6) Message boards : Number crunching : openMalaria test version v6.65 (Message 20170)
Posted 189 days ago by michaelT
Some news from the battlefront, all the beta workunit have been sacrified (canceled), there are still some of them fighting with various errors ... but it will take a little bit of time until all the stack will be cleaned and all the workunits to be burried ...
So will still have some errors about the scenario_30.xsd for a couple of them. But we will soon come back with brand new "working" workunits.
7) Message boards : Number crunching : openMalaria test version v6.65 (Message 20162)
Posted 189 days ago by michaelT
Dammit ... I think I need holidays or buy news glasses ...
By mistake (for Beta), changing the xml back to the original one, I removed the </file_ref> xml tag in the xml doc. XML fixed. ...
Sorry for all the mess. :( :( :( :( :( :(
8) Message boards : Number crunching : openMalaria test version v6.65 (Message 20110)
Posted 192 days ago by michaelT
We stopped the generation of new workunits for beta and we will wait until all the workunits are back.
What happened is that :
- We replaced the old scenario_30.xsd file with the new one and launched a sample set of a batch to test.
- The client which didn't have workunits from beta downloaded the new version.
- But some clients were still running workunits from beta. So they still have the scenario_30.xsd file in the project directory. We expected that when the client get new workunits, the scenario_30.xsd will be replaced with the new one because the checksum between the old and new file was different but that was not the case... The old files stayed and that's were the mess started.
So we have to wait until all the workunits from beta are back like that the scenario_30.xsd file will be deleted from the project folder ( "<sticky/>" is not in the xml doc so it won't keep it). And then everything will be fixed and we can restart to generate new workunits.

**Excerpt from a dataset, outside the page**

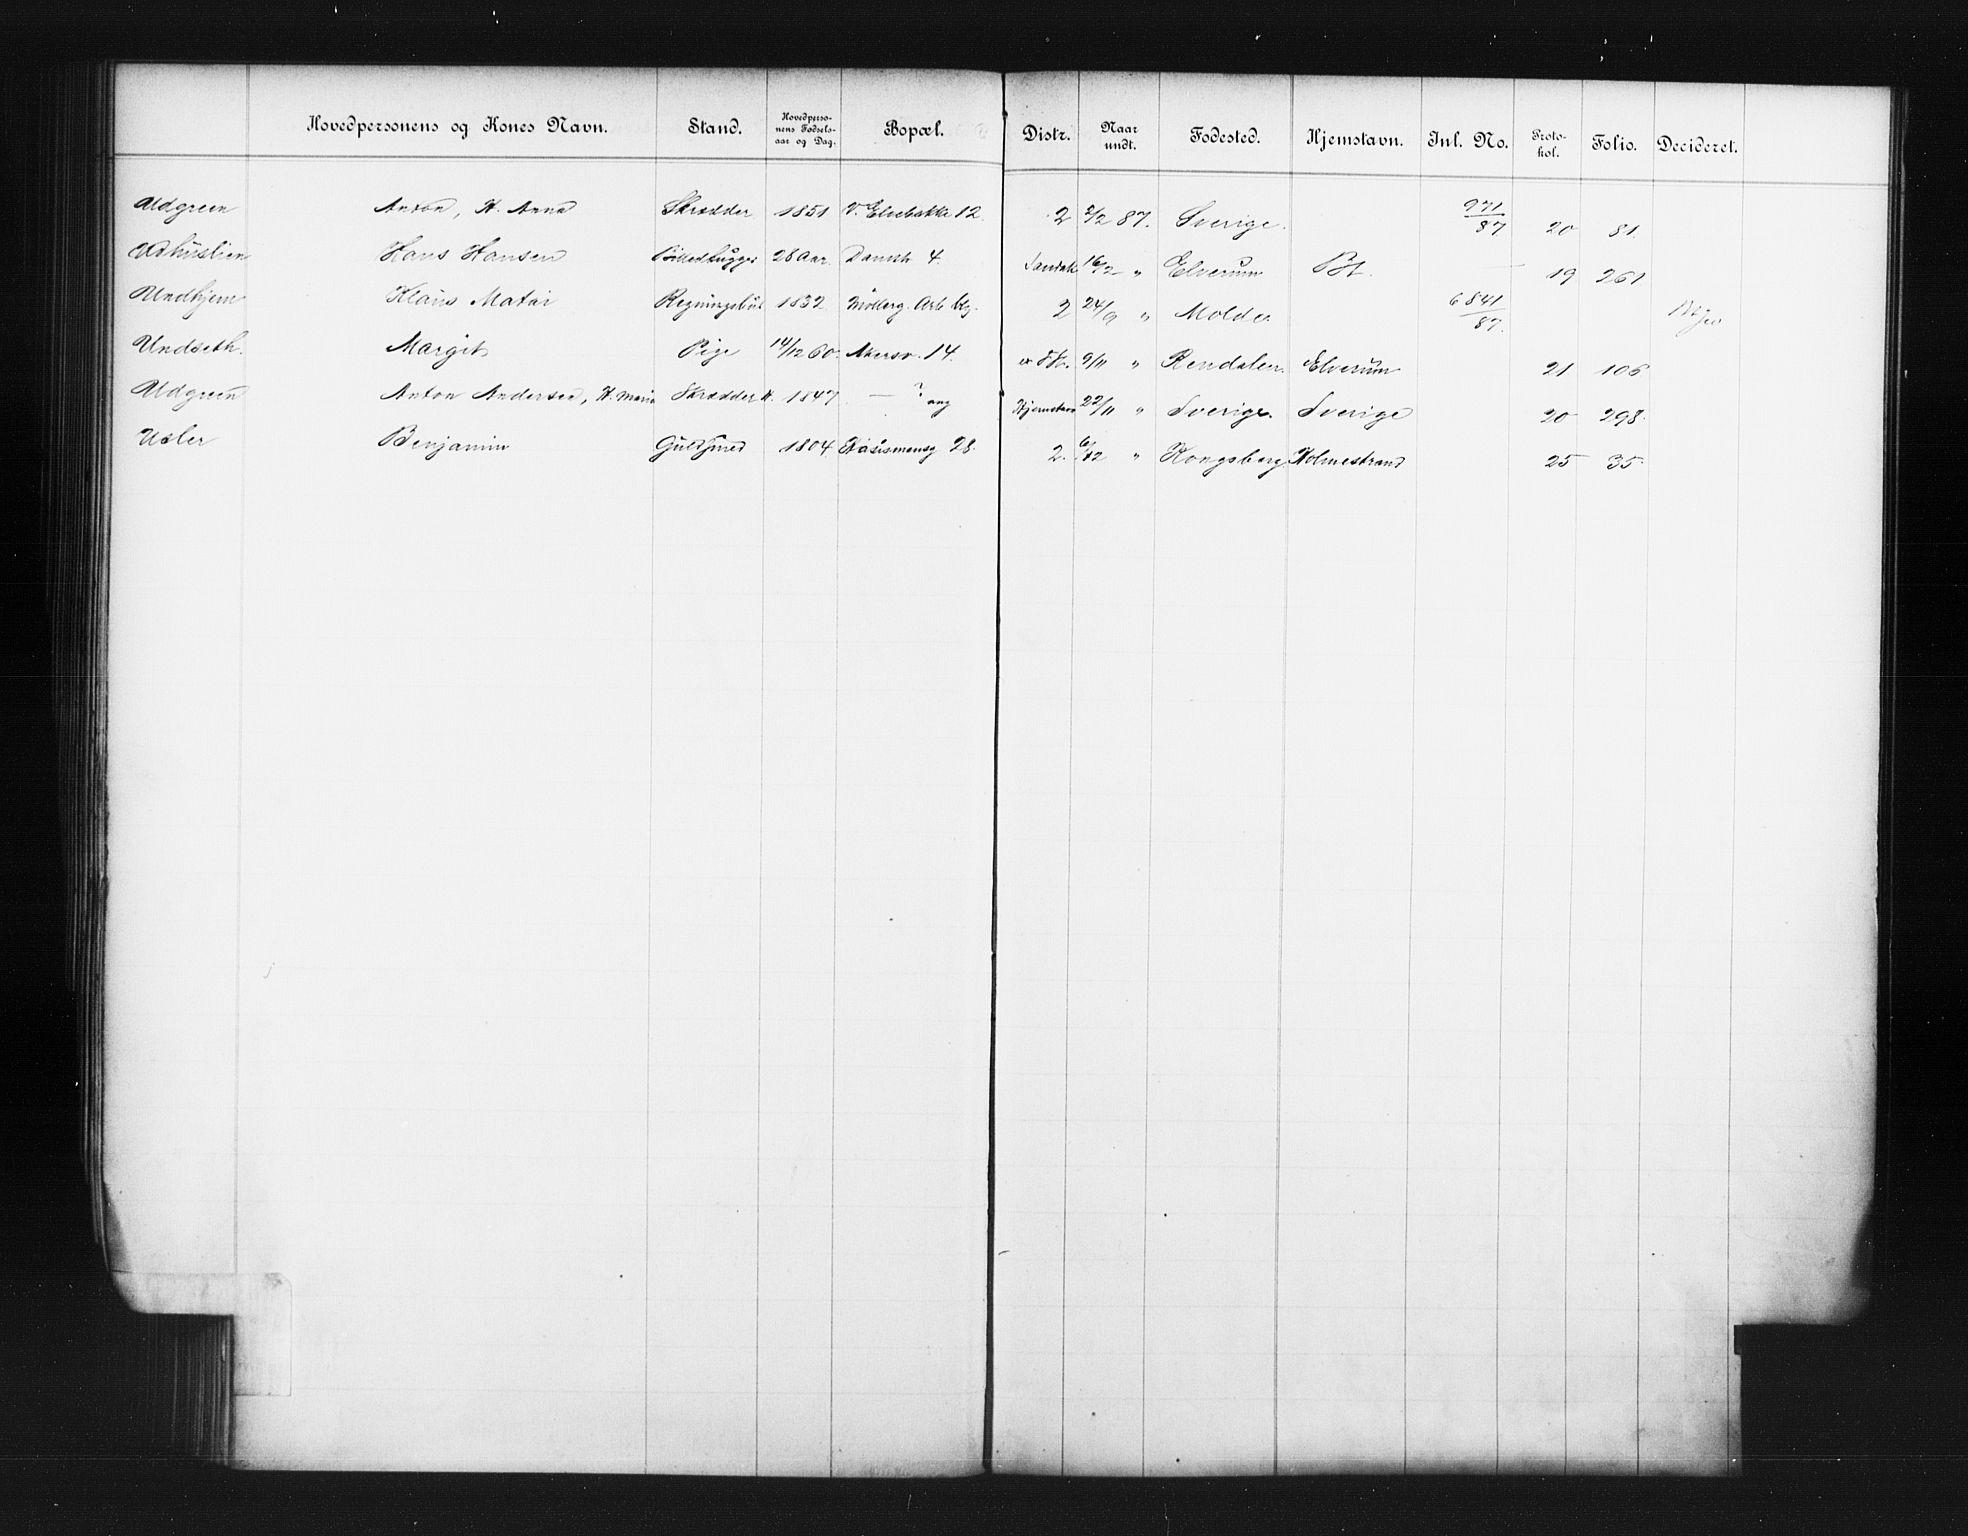 OBA, Fattigvesenet, Fb/L0007: Hjemstavnsregister, 1887, s. 191

9) Message boards : Number crunching : openMalaria test version v6.65 (Message 20098)
Posted 193 days ago by michaelT
We removed the <copy_file/> from the xml doc trying if this will replace the old scenario_30.xsd file with the new one on the client side but it was a bae idea :( ... we set it back as it was before.

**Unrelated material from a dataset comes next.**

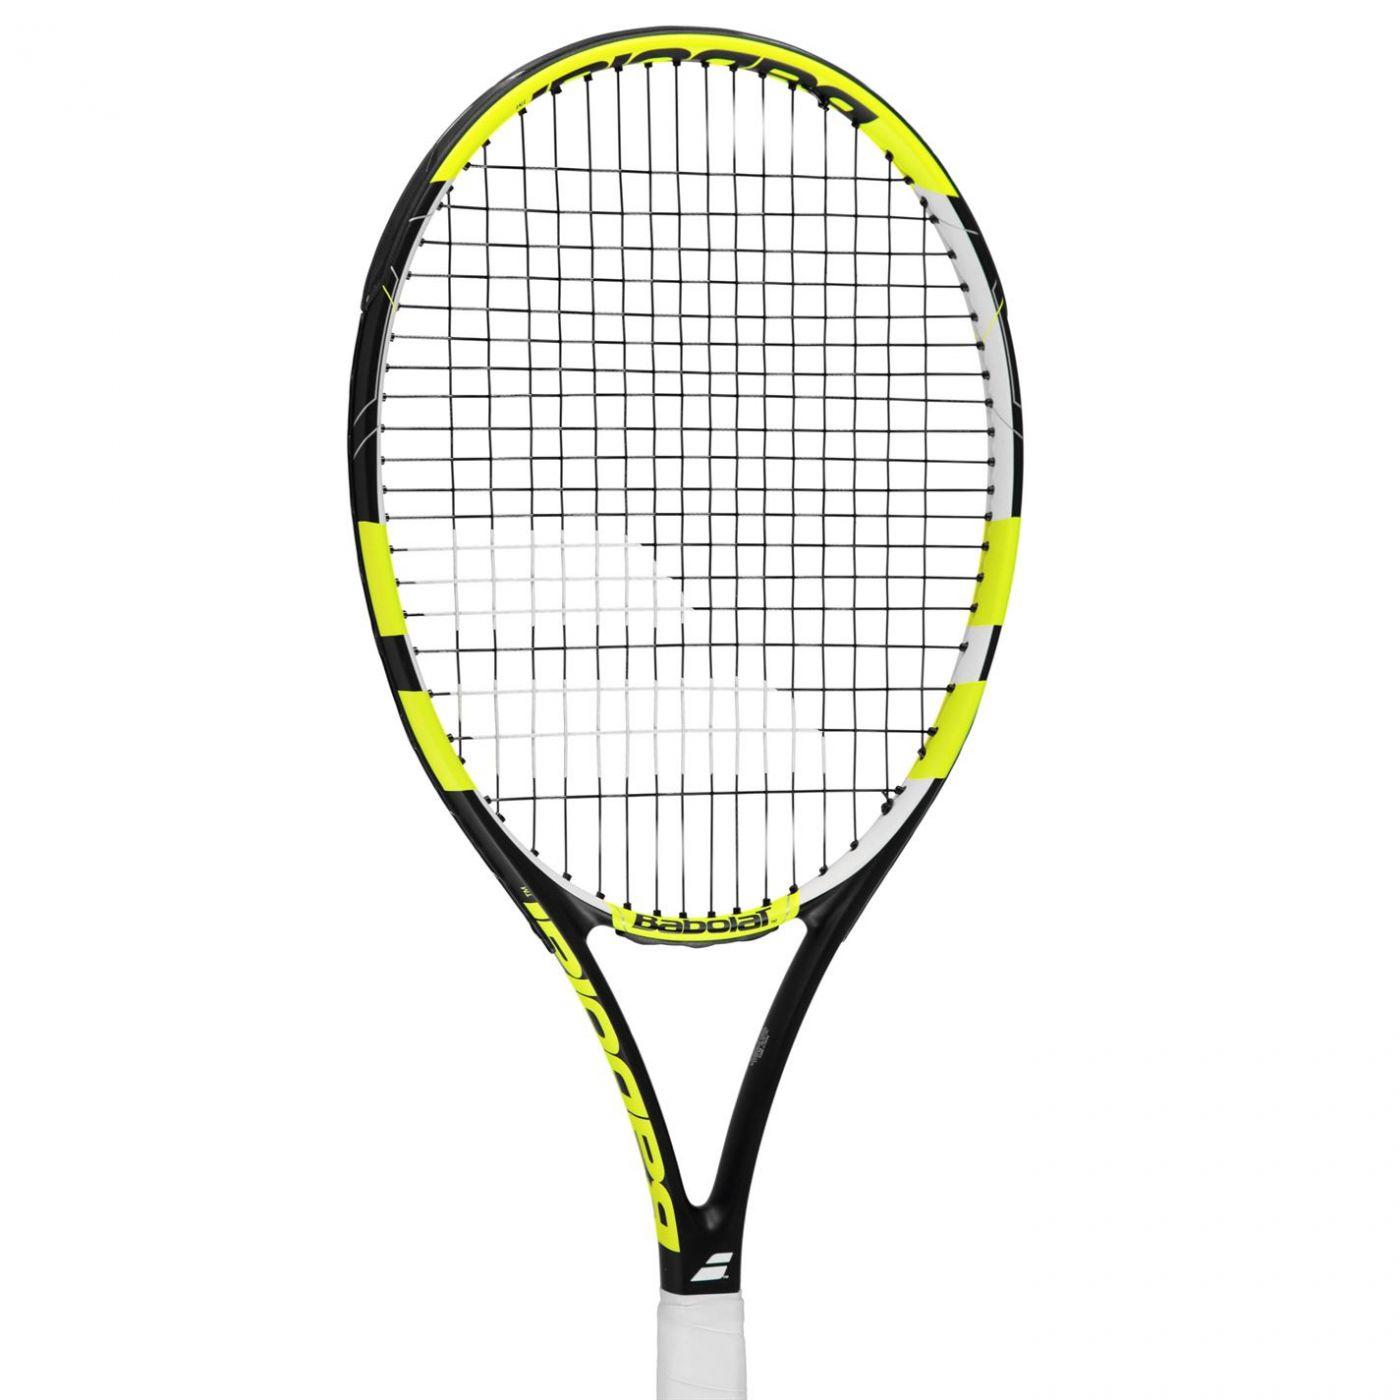 Babolat Evoke Competition Tennis Racket

The problem is that we have a new version of the scenario_30.xsd which replace an older version. In theory the new one should replace the old one each time you download a new workunit because it create a slot directory where workunites files are downloaded. It's only if you specify in the xml doc "<sticky/>".

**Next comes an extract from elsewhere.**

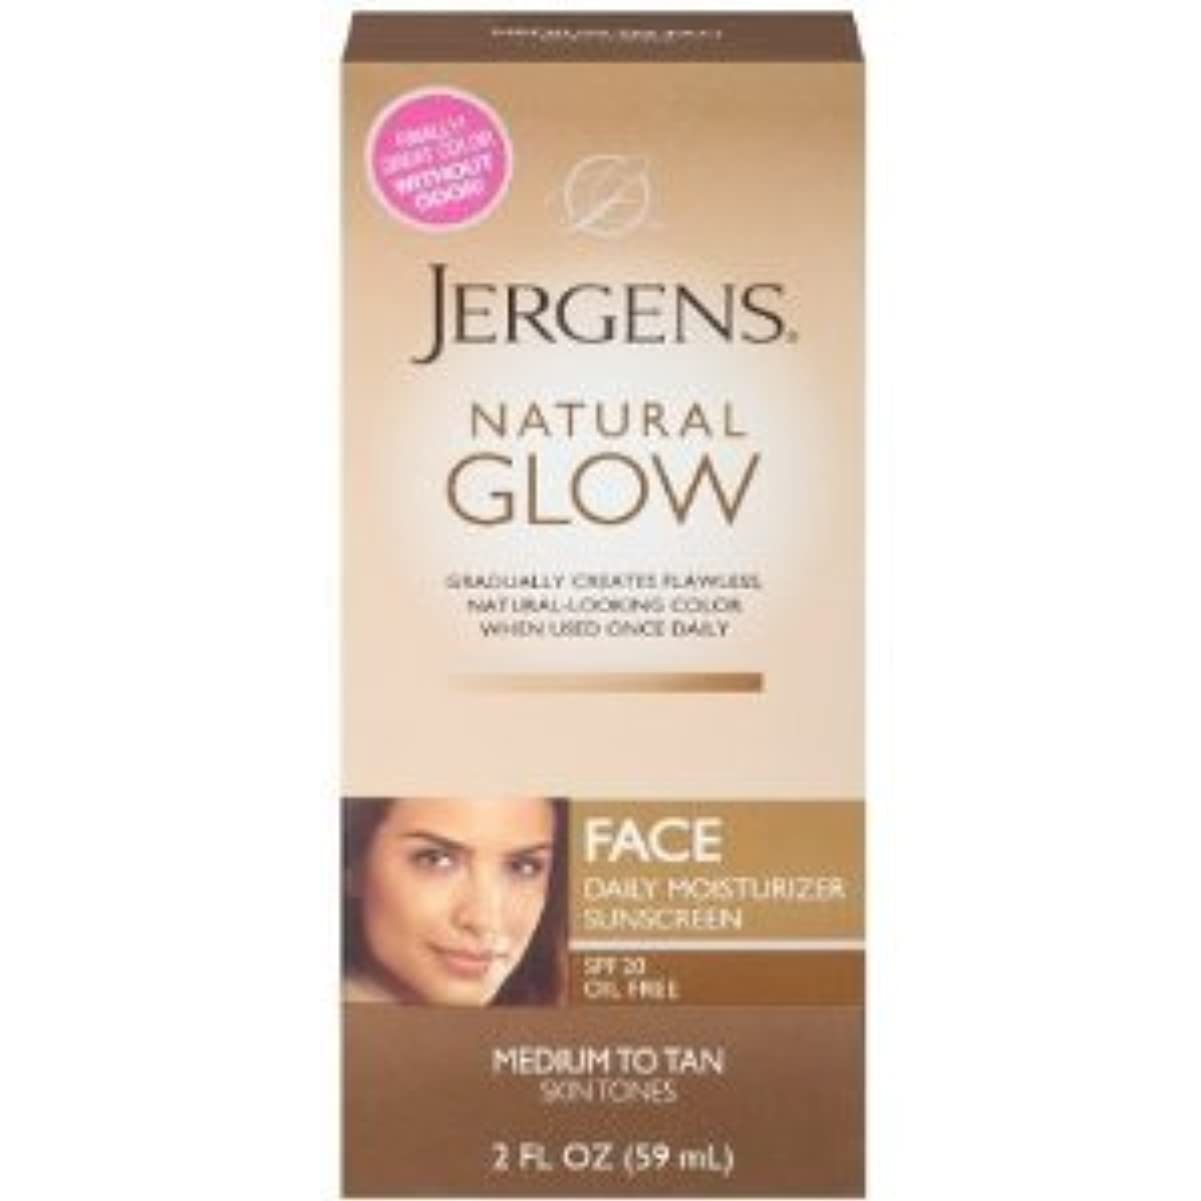 管理豚肉表現Natural Glow Healthy Complexion Daily Facial Moisturizer, SPF 20, Medium to Tan, (59ml) (海外直送品)

10) Message boards : Number crunching : openMalaria test version v6.65 (Message 20086)
Posted 194 days ago by michaelT
1. wuVFNEW_* : xml attribute baseFactor have been set to a value < 0 while it was expecting a value whitin a range [0,1]. The xml file was validated by the xsd but openMalaria is doing additional check for value ranges that's why this error was not detected before. In addition, before submiting a new batch, we test it on our computer and then send a sample on BOINC before sending the whole batch. Here it was the sample.
I'll check with the scientist who created the experiment what happened.
2.wuVFNEWcov_* :Maybe a file cache problem. We updated openMalariaBeta with a new version which is backward compatible and replaced the scenario_30.xsd with a new version on our server. So the new workunits are sent with the new xsd files and not the old one. However it seem's that it was not replaced on all clients. I'll check if it's a problem of server cache or boinc client cache.